Abstract
Background
Excessive intravenous fluid prescription may play a causal role in postoperative complications following major gastrointestinal resectional surgery. The aim of this study was to investigate whether fluid and salt restriction would decrease postoperative complications compared with a more modern controlled liberal regimen.
Methods
In this observer-blinded single-site randomized clinical trial consecutive patients undergoing major gastrointestinal resectional surgery were randomized to receive either a liberal control fluid regimen or a restricted fluid and salt regimen. The primary outcome was postoperative complications of grade II and above (moderate to severe).
Results
Some 240 patients (194 colorectal resections and 46 oesophagogastric resections) were enrolled in the study; 121 patients were randomized to the restricted regimen and 119 to the control (liberal) regimen. During surgery the control group received a median (interquartile range) fluid volume of 2033 (1576–2500) ml and sodium input of 282 (213–339) mmol, compared with 1000 (690–1500) ml and 142 (93–218) mmol respectively in the restricted group. There was no significant difference in major complication rate between groups (38·0 and 39·0 per cent respectively). Median (range) hospital stay was 8 (3–101) days in the controls and 8 (range 3–76) days among those who received restricted fluids. There were four in-hospital deaths in the control group and two in the restricted group. Substantial differences in weight change, serum sodium, osmolality and urine : serum osmolality ratio were observed between the groups.
Conclusion
There were no significant differences in major complication rates, length of stay and in-hospital deaths when fluid restriction was used compared with a more liberal regimen. Registration number: ISRCTN39295230 (http://www.controlled-trials.com).
Introduction
Resectional surgery is a common treatment for most gastrointestinal cancers, both colorectal and oesophagogastric, and is associated with high morbidity and mortality rates1,2. The physiological changes and fluid shifts observed in the postoperative phase in this group are complex and vary considerably between patients3. Currently, the prescription of intravenous fluids is often left to more junior members of the medical team, potentially leading to increased risk4. Injudicious use of intravenous fluids, leading to sodium, chloride and water overload, has been suggested to be a major cause of postoperative complications, especially in the presence of co-morbid diseases and advanced age5–7.

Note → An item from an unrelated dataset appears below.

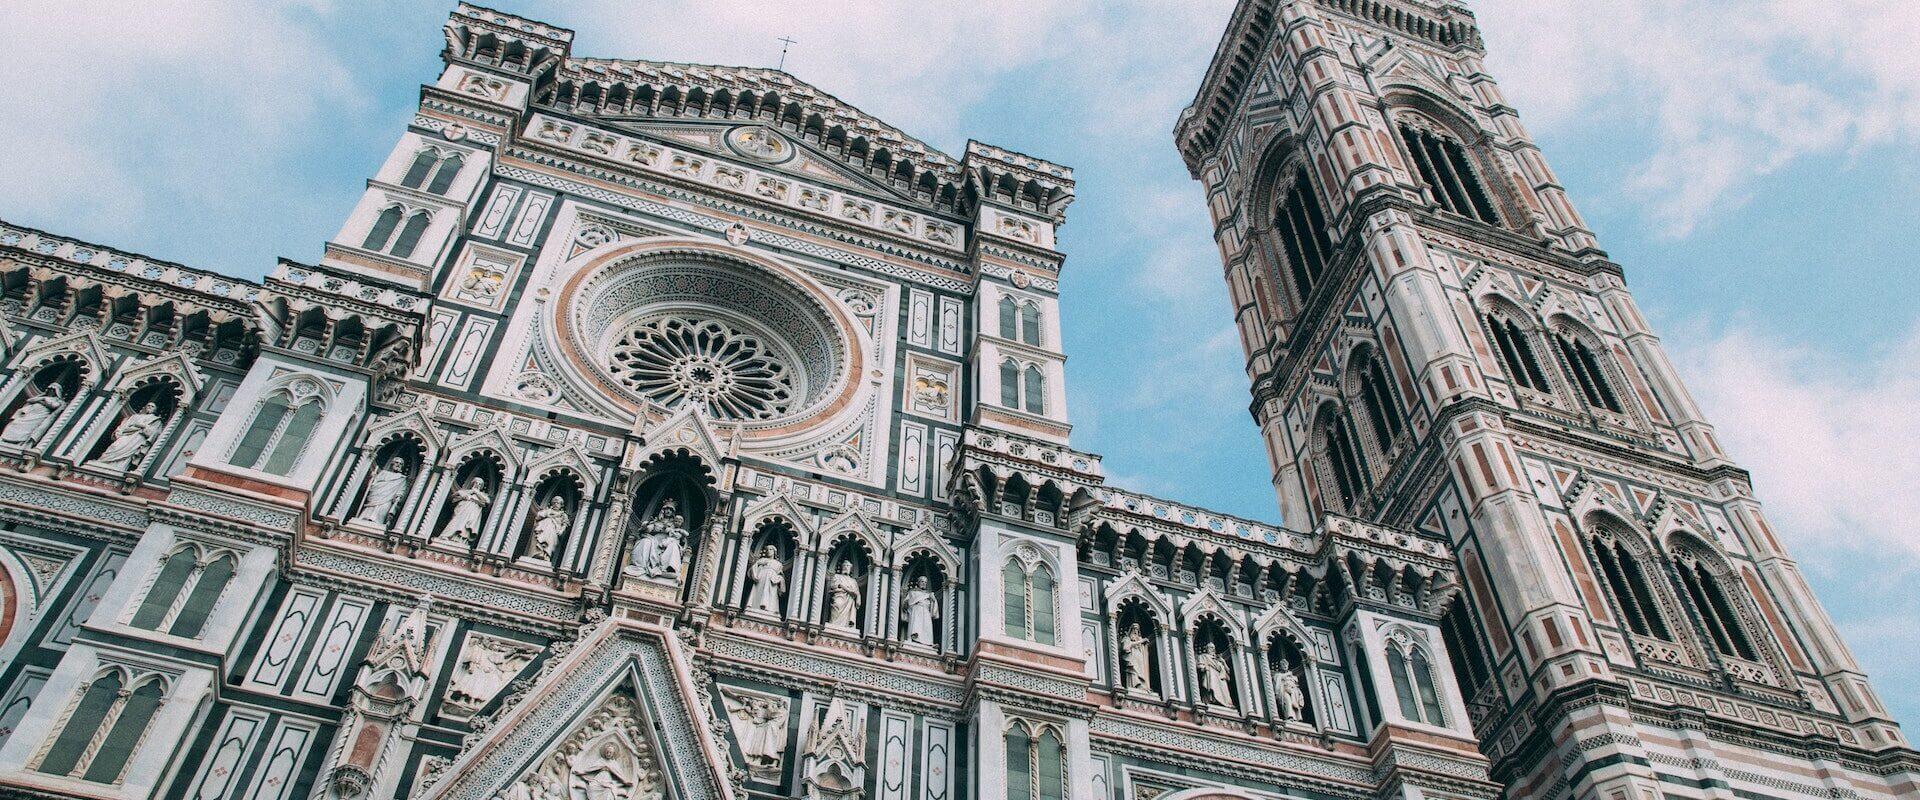 Organizza il tuo viaggio in Italia

Epidural analgesia is frequently used after operation in these surgical patients. One common side-effect of epidural analgesia is hypotension, caused by sympathetic blockade leading to vasodilatation or, particularly with high thoracic epidurals, reduced cardiac sympathetic drive. Such hypotension traditionally is managed by administration of intravenous fluids, which contributes to the fluid load received in the postoperative phase. Conversely, acute kidney injury resulting from hypovolaemia following surgery is also associated with an increase in postoperative morbidity and mortality8.

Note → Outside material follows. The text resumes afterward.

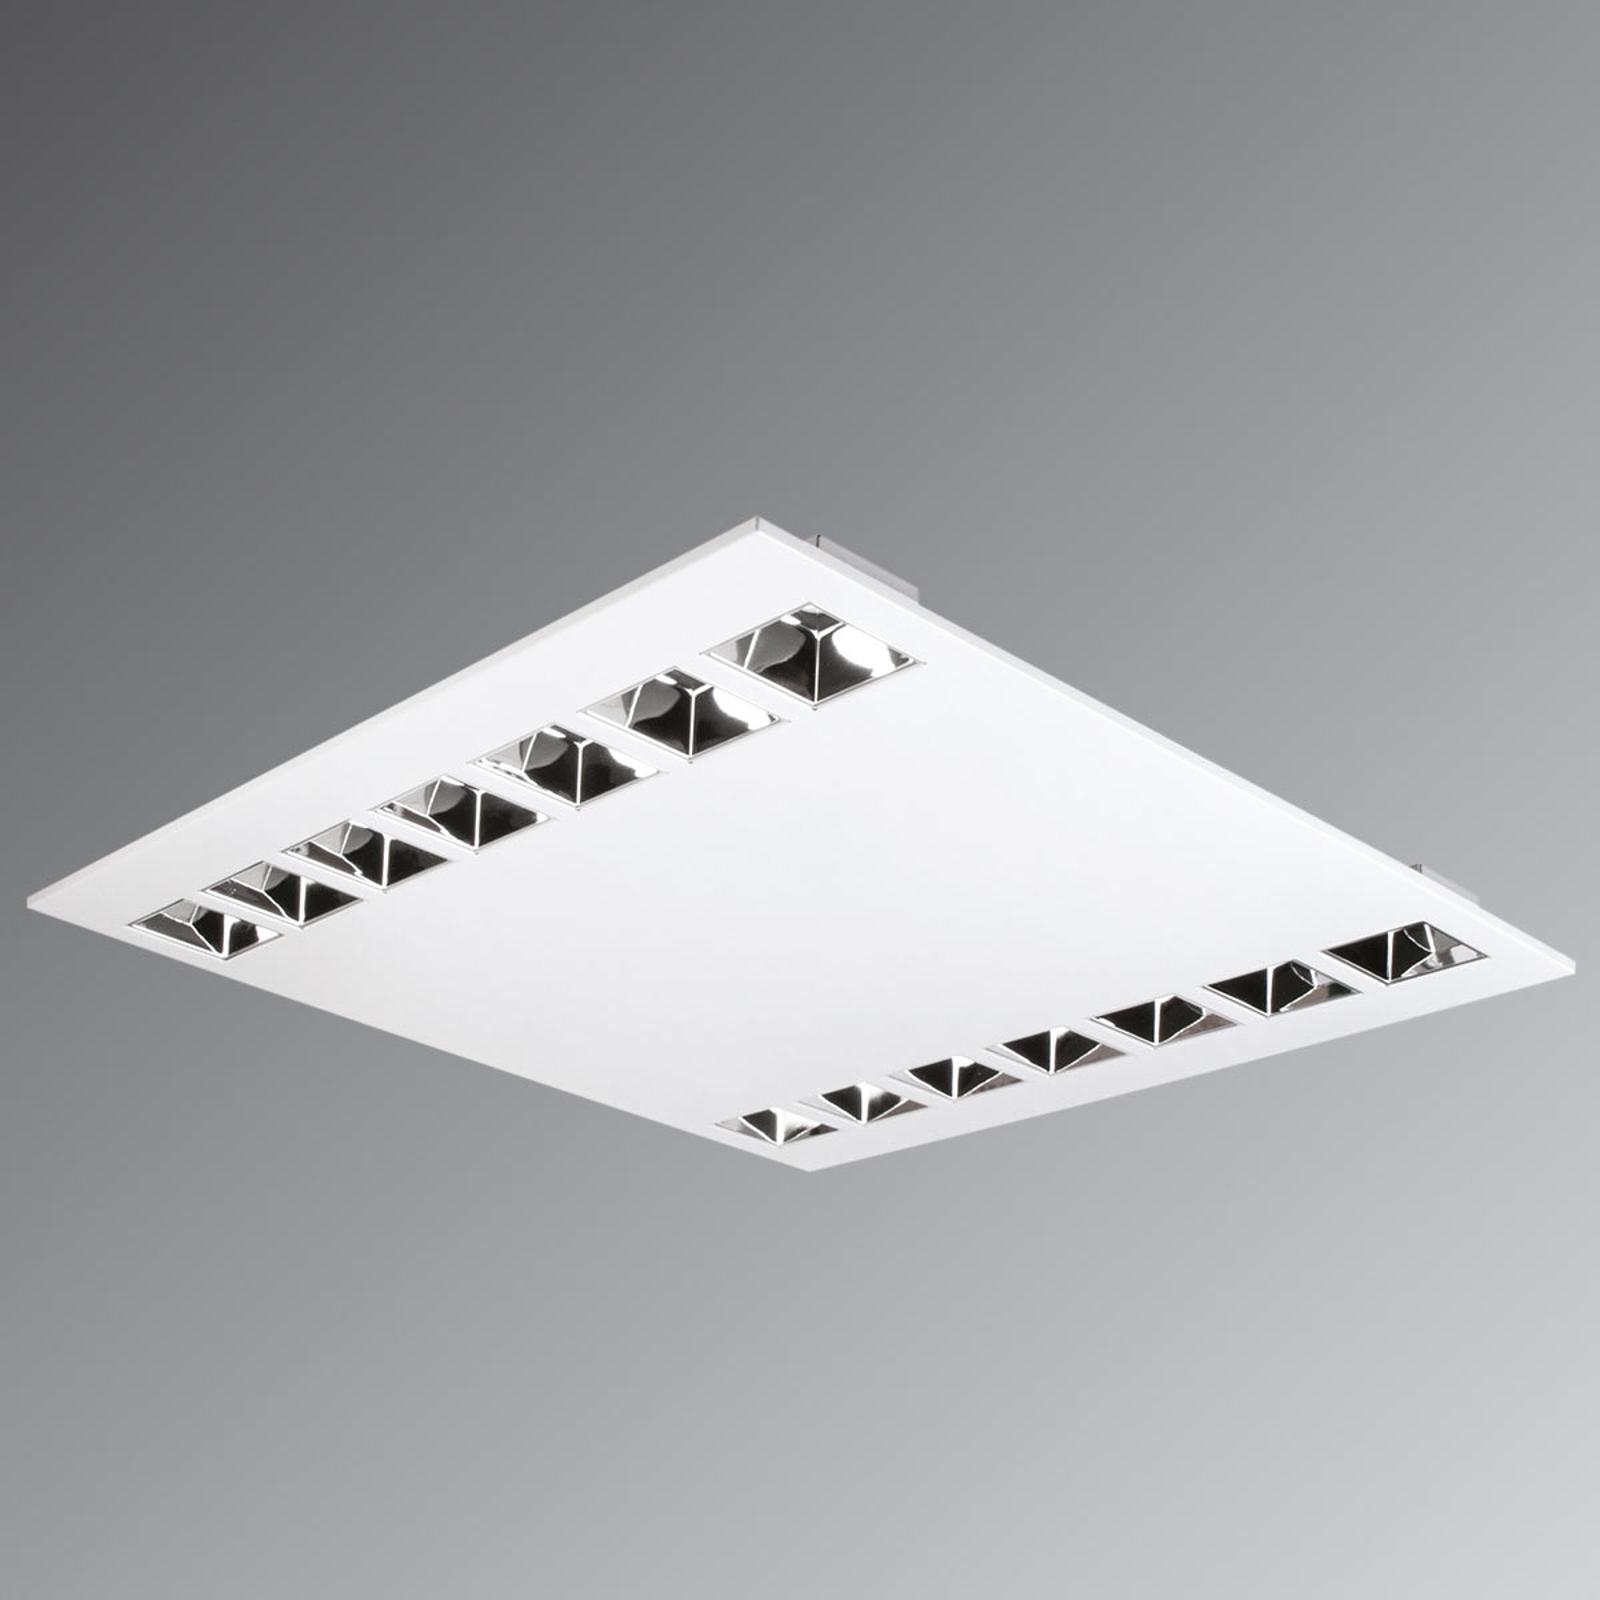 Estela LED-lampe til forsænkning, lav blænding

The evidence base for intravenous fluid therapy is extremely limited, with prescription based on local tradition, expert opinion or extrapolation from trials of fluid resuscitation in patients in shock. Recent trials have attempted to assess the impact of relative intravenous fluid and sodium restriction on outcome after gastrointestinal surgery9–14. However, the control groups in these trials have tended to receive varying amounts and types of intravenous fluid. The volume of intraoperative intravenous fluid administered ranges from 2750 to 5388 ml in control or liberal groups compared with 998 to 2740 ml in restricted groups15.
The aim of this study was to examine the effect of intravenous salt and fluid restriction compared with a more standardized ‘liberal’ fluid therapy on complication rates in major elective gastrointestinal resectional surgery.
Methods
This was a prospective single-centre randomized clinical trial conducted between October 2007 and January 2010. Patients were eligible if aged 18 years or over, and having elective gastrointestinal cancer resection at Norfolk and Norwich University Hospital under general anaesthesia with an epidural catheter for intraoperative and postoperative analgesia. In order to study as representative a sample as possible, all gastrointestinal cancer resections such as oesophagectomy, gastrectomy and colonic resections were included, both open and laparoscopic. The study was approved by the Norfolk and Waveney Ethics Committee, the Norfolk Research and Governance Committee.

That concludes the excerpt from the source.